:: Data extract ::
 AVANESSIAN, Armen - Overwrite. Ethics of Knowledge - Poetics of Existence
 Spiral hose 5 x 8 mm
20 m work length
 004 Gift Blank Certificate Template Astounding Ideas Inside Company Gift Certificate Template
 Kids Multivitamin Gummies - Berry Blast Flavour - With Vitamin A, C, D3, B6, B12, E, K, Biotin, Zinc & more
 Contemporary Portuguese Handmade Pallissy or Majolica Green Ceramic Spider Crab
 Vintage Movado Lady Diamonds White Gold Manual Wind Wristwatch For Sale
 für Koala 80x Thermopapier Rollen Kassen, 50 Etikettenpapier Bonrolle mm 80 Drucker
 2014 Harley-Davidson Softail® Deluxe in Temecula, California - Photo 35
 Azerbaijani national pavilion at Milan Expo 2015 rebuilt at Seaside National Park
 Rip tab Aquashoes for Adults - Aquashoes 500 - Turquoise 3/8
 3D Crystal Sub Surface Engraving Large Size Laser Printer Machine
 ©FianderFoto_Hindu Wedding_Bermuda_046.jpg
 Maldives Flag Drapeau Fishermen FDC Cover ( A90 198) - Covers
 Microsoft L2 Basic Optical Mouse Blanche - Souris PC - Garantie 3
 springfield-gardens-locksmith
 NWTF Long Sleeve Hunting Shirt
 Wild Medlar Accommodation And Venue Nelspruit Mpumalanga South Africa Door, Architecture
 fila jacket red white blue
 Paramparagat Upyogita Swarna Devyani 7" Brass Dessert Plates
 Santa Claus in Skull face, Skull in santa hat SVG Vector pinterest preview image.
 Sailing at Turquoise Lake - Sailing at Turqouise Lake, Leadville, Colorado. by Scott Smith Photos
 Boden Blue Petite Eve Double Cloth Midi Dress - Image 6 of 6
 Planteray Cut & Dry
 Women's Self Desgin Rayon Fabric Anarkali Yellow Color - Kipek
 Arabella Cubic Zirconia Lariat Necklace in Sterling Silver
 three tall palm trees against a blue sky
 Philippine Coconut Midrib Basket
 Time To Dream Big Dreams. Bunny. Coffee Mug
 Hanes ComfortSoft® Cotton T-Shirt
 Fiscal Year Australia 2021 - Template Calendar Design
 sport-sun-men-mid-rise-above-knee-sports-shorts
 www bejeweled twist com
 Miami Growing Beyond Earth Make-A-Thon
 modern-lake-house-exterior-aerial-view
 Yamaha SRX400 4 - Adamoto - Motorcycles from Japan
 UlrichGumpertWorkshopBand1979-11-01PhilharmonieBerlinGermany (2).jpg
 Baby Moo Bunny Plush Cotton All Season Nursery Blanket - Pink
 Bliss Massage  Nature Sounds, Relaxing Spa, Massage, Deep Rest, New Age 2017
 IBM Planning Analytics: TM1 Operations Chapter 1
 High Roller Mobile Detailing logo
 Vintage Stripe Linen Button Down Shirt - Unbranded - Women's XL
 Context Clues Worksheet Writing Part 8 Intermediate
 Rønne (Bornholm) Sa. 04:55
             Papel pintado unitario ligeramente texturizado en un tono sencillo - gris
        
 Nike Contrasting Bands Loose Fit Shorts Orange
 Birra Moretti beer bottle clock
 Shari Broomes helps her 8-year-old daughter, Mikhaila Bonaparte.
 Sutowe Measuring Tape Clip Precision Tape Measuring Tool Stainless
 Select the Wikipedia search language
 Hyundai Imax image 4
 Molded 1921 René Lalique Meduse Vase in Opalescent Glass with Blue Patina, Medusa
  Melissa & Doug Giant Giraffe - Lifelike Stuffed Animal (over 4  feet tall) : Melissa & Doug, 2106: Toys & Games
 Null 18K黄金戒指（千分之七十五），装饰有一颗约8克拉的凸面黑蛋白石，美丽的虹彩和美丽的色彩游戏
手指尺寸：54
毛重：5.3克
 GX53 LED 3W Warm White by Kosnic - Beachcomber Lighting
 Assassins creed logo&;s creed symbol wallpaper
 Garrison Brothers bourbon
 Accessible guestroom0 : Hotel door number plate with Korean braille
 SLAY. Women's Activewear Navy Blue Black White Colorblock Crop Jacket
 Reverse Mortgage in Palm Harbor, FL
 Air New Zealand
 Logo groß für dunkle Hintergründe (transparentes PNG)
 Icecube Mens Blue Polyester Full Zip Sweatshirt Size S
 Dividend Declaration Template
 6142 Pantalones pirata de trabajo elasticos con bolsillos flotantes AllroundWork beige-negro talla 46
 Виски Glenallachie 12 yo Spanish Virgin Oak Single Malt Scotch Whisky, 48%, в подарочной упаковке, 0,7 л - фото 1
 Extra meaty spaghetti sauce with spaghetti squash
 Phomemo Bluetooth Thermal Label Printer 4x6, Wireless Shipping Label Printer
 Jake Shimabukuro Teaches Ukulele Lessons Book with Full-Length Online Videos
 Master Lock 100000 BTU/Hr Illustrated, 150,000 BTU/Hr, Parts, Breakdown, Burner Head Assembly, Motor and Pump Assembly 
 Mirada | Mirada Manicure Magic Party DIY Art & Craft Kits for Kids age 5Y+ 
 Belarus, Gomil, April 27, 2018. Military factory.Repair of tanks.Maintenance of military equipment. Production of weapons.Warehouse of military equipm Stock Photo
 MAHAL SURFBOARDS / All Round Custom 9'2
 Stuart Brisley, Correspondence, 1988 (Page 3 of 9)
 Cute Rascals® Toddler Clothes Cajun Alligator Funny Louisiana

:: Assignment ::
Going line by line through the data, tally each one that includes the string "Full", and answer with the tally only.

:: Your solution ::
2